Top of Entries shown

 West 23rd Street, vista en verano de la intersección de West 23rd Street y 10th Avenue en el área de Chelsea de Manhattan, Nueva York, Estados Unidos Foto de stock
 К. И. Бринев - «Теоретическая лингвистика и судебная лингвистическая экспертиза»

Bottom of Entries shown
Top of Entries shown

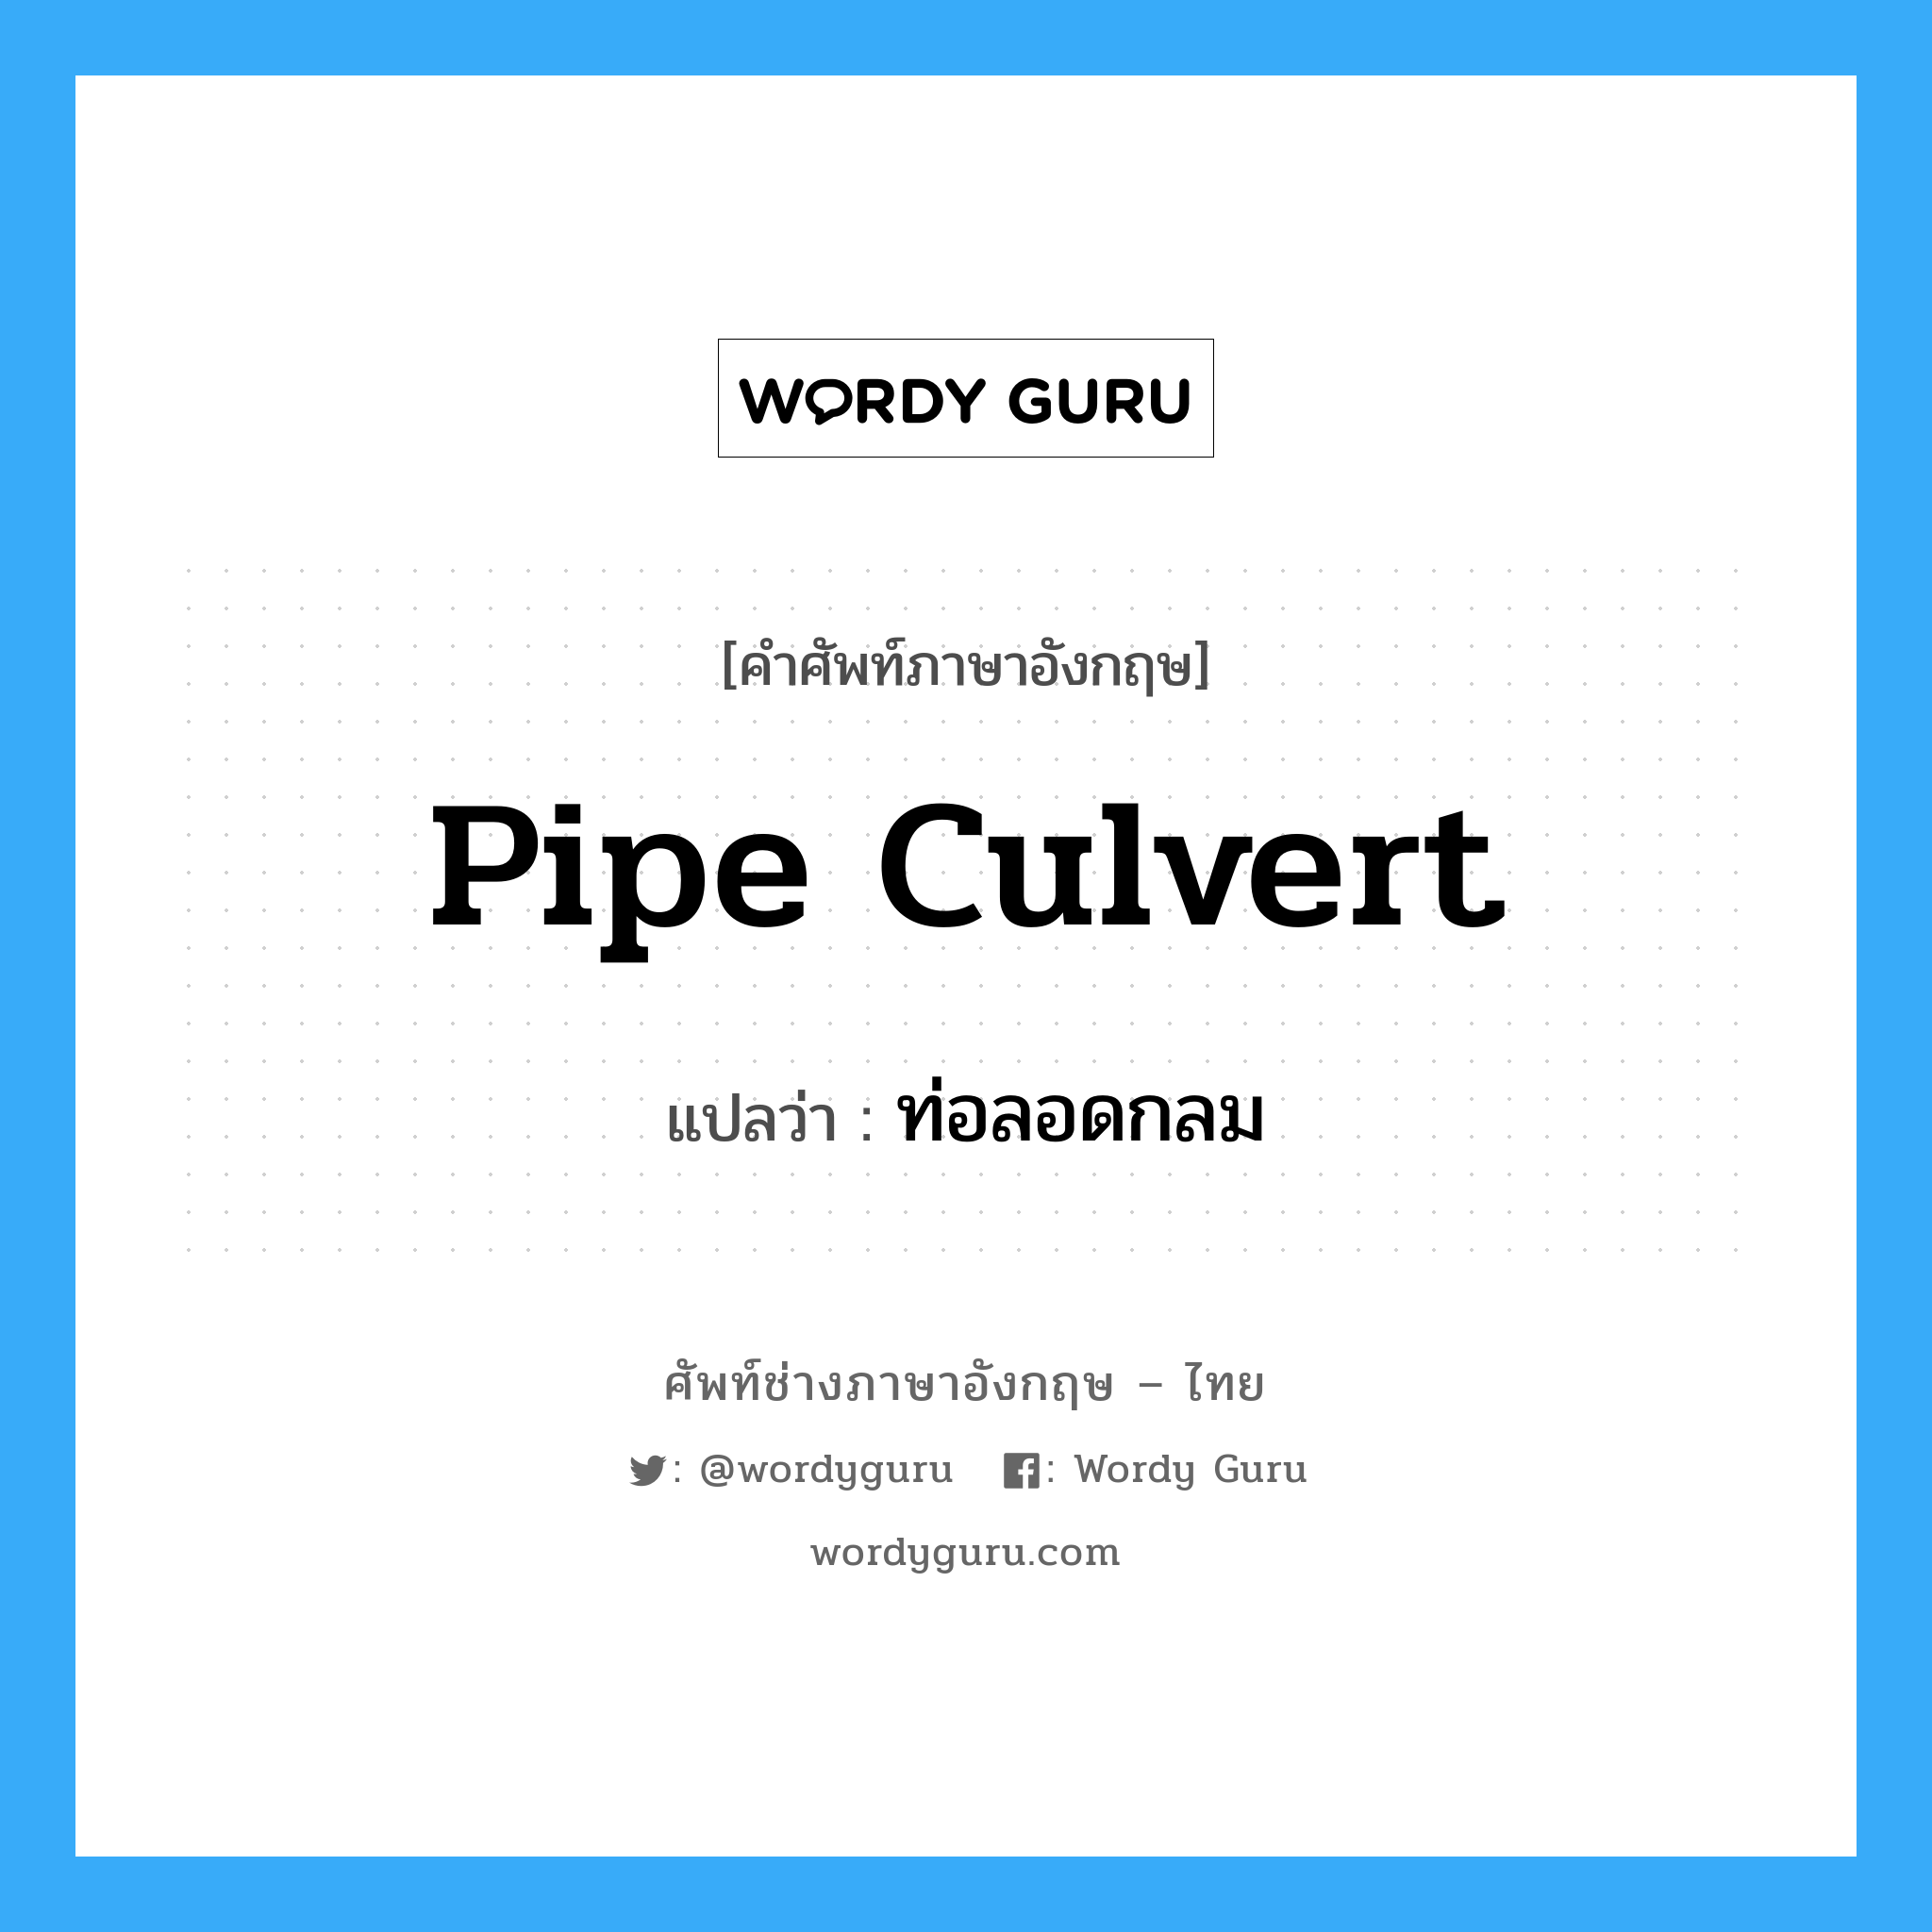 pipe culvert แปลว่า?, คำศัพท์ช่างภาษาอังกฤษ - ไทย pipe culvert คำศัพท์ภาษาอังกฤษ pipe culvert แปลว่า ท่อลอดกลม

Bottom of Entries shown

* _Brief_:
Write out only the lines that run from the line containing "West 23rd Street, vista" through the line containing "К. И. Бринев", both included, exactly as they appear above.

* _Response to this exercise_:
 West 23rd Street, vista en verano de la intersección de West 23rd Street y 10th Avenue en el área de Chelsea de Manhattan, Nueva York, Estados Unidos Foto de stock
 К. И. Бринев - «Теоретическая лингвистика и судебная лингвистическая экспертиза»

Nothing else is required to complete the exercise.